CLARITY Act passes Senate Banking Committee (US regulatory milestone)
The CLARITY Act, the largest piece of crypto market structure legislation under consideration in the United States, has passed the Senate Banking Committee in a fifteen to nine vote, sending it to the full Senate floor for what is expected to be the most consequential crypto vote in American history. Two Democrats, Ruben Gallego of Arizona and Angela Alsobrooks of Maryland, joined all thirteen Republicans on the committee in support.

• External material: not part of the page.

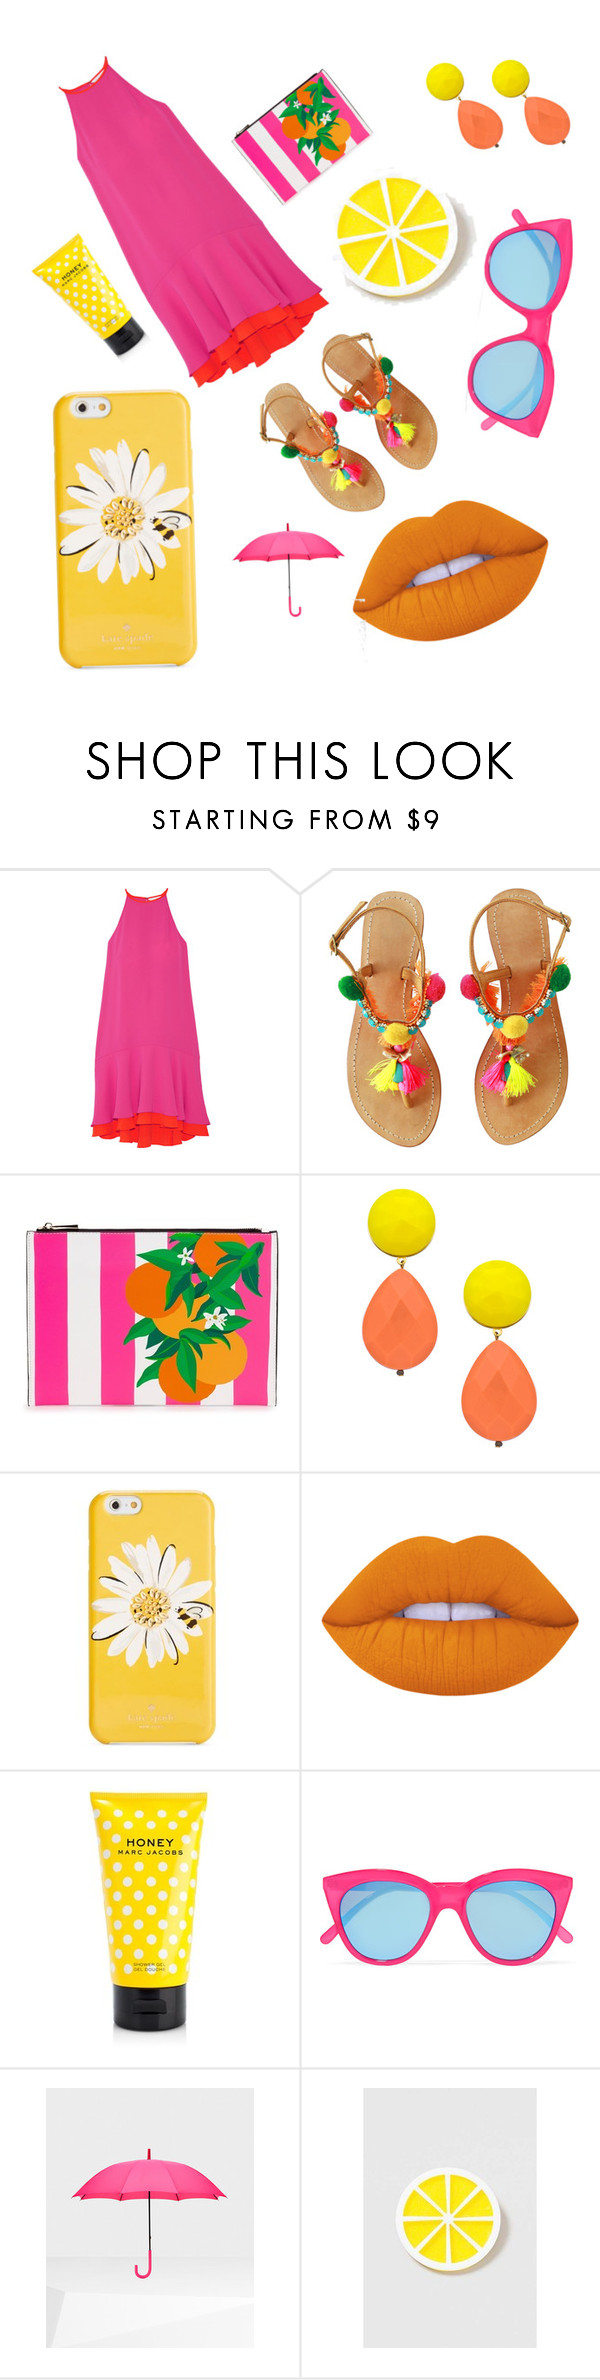 designer clothes shoes bags for ssense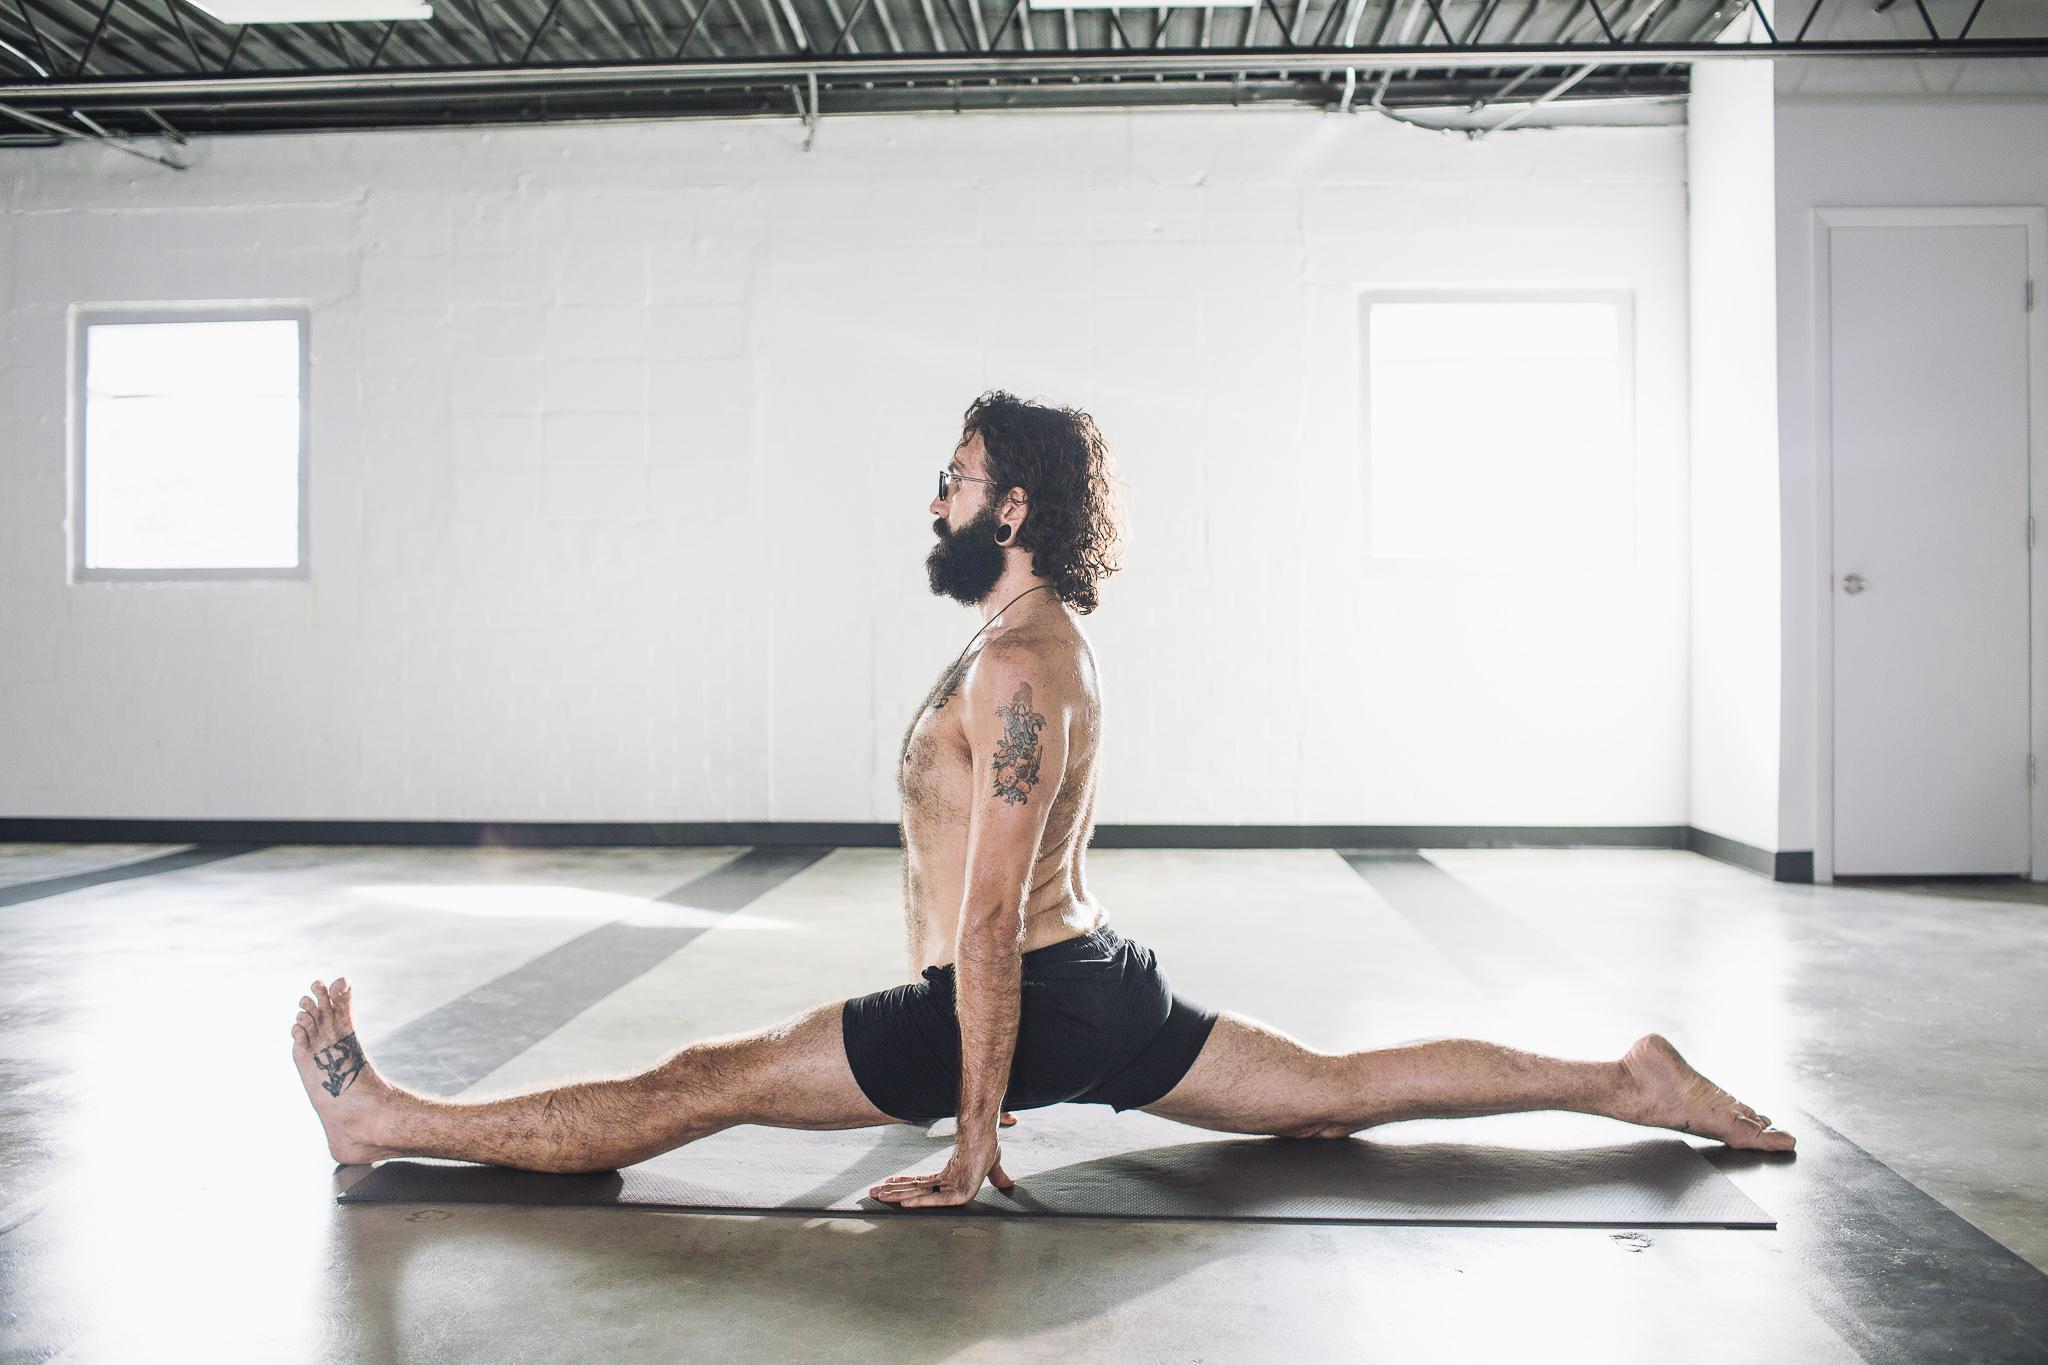 Hot yoga, bikram yoga, 26 and 2, ghosh yoga, bella prana yoga and meditation, yogani yoga, evolation yoga, tampa bay, kodawari, sattva yoga, zoe yoga lifestyle, lucky cat yoga, ganesha hot yoga, the body electric yoga company, moving meditations, Jai dee yoga, pose by pose yoga, gaze hot yoga, gaze yoga, tampa heights, Seminole heights, riverside heights, ybor city, massage, body work tampa, massage envy tampa, craniosacral therapy, upledger institute, thai massage, sen lines, Lucky cat yoga studio, lucky cat YTT, Eric and Erin Wheeler, Esak Garcia, Ida jo and Scott Lamps, Kolkata, Calcuta

The bill's central function is to draw a clear line between crypto assets that fall under securities regulation and those that fall under commodities regulation, ending nearly a decade of ambiguity that forced exchanges, developers, and investors to operate without clear rules. Under the proposed framework, sufficiently decentralized networks would be classified as commodities, removing them from the Securities and Exchange Commission's jurisdiction and placing them with the Commodity Futures Trading Commission.
The practical implications are large. Networks that meet the bill's decentralization tests, including Solana, would gain regulatory safe harbors for their developers and validators, opening the door to broader institutional participation without the constant threat of enforcement action. Tokens that have been frozen in legal uncertainty for years could finally trade with clear status.
The bill still has to pass the full Senate and reconcile with a House version that already passed in 2025, but the committee vote is the most positive signal in years that US crypto policy is moving from enforcement to framework.